Any throw exception or error realizing the executor causes the executor (scheduled executorservice) to halt. No more invocations on the runnable, no more work done. This work stoppage happens silently, you'll not be informed

That is, if the user throws an exception, the scheduled executorservice will stop the thread without any error and prompt.

This is why the print exception information is not seen in the log or the console.

resolvent

I wrote a test class.
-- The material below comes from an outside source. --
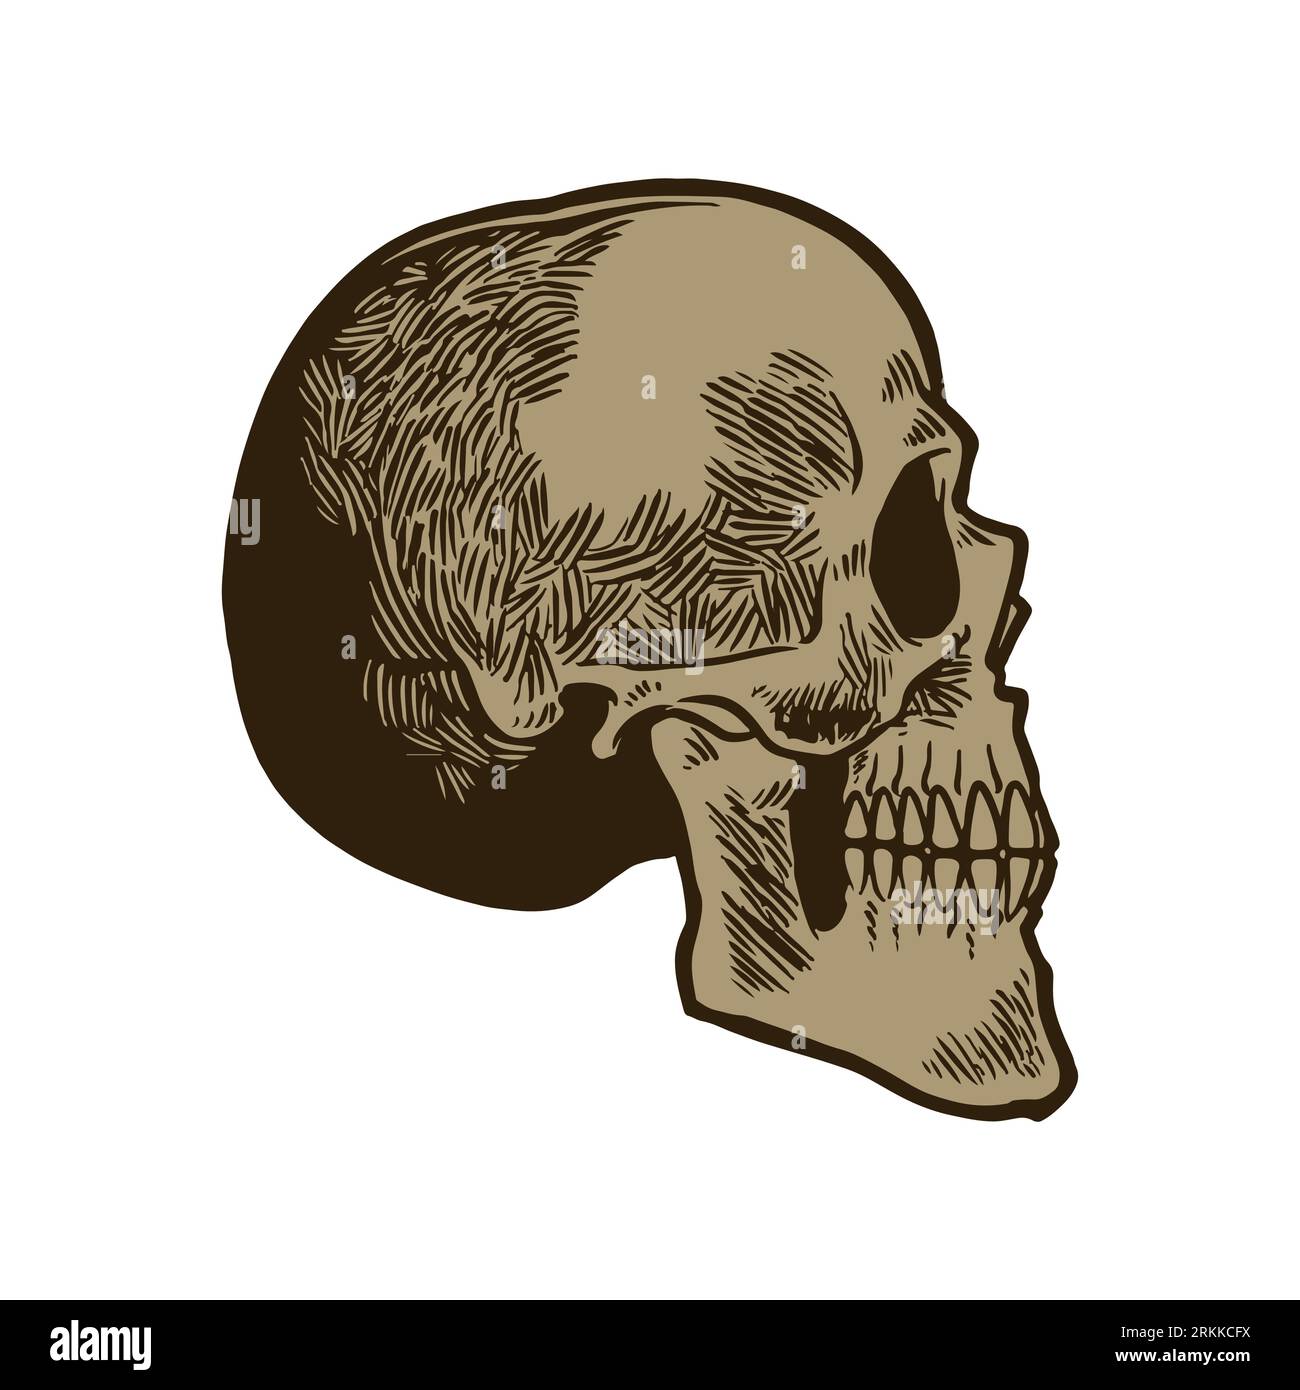 Hand drawn anatomic human skull vintage engraving sketch. Scary cranium isolated on white background. Can be used for t-shirt designing, poster, decor Stock Vector

If you are interested, you can study this bug.

public class ScheduledExecutorServiceThrowExceptionTest {
	
	private static int i = 0;
	
	public static void main(String[] args) {
		ScheduledExecutorService exc = Executors.newSingleThreadScheduledExecutor();
		exc.scheduleAtFixedRate(new Runnable(){

			@Override
			public void run() {
				i++;
				if (i==6) {
					throw new RuntimeException();
				} else {
					System.out.println(i);
				}
				
			}
			
		}, 0, 1, TimeUnit.SECONDS);
			
	}

}

The test results are:

The results show that when the program throws an exception, the thread no longer runs, that is, it hangs.

resolvent:

  • 1. Directly add a try catch to catch exceptions, and then you can print the exception information you need or handle exceptions.
public class ScheduledExecutorServiceThrowExceptionTest1 {
	
	private static int i = 0;
	
	public static void main(String[] args) {
		ScheduledExecutorService exc = Executors.newSingleThreadScheduledExecutor();
		exc.scheduleAtFixedRate(new Runnable(){

			@Override
			public void run() {
				try {
					// doSomething();// TODO: specific business logic
					i++;
					if (i==6) {
						throw new RuntimeException();
					} else {
						System.out.print(i + " ");
					}
				} catch (Exception ex) {
					System.out.println();
					System.out.println("stay ScheduledExecutorService Exception thrown in, exception stack:" + ex.getStackTrace());
				}
			}
			
		}, 0, 1, TimeUnit.SECONDS);
			
	}

}

The result is that the exception information is printed and the thread is not interrupted.

1 2 3 4 5 
stay ScheduledExecutorService Exception thrown in, exception stack:[Ljava.lang.StackTraceElement;@1bb53ed8
7 8 9 10 11 12 13 
  • 2. Return exception information through the ScheduledFuture object
public class ScheduledExecutorServiceThrowExceptionTest2 {

	private static int i = 0;
	
	public static void main(String[] args) {
		ScheduledExecutorService exc = Executors.newSingleThreadScheduledExecutor();
		ScheduledFuture<?> handle = exc.scheduleAtFixedRate(new Runnable(){

			@Override
			public void run() {
				i++;
				if (i==6) {
					throw new RuntimeException();
				} else {
					System.out.print(i + " ");
				}
				
			}
			
		}, 0, 1, TimeUnit.SECONDS);
		
		try {
			handle.get();
		} catch(Exception ex) {
			System.out.println();
			System.out.println("stay ScheduledExecutorService Exception thrown in, exception stack:" + ex.getStackTrace());
		}
			
	}

}

This solution prints the exception message, but does not prevent the thread from hanging.

1 2 3 4 5 
stay ScheduledExecutorService Exception thrown in, exception stack:[Ljava.lang.StackTraceElement;@33909752

summary

The reason why a Java thread started by a ScheduledExecutorService hangs up for no reason is that if the user throws an exception, the ScheduledExecutorService will stop the thread without an error and no prompt. The solution is to try catch to print the exception information, or use scheduledfuture <? > to obtain the thread running results.

If you write more bug s, you will have more natural experience, but you should pay attention to summary.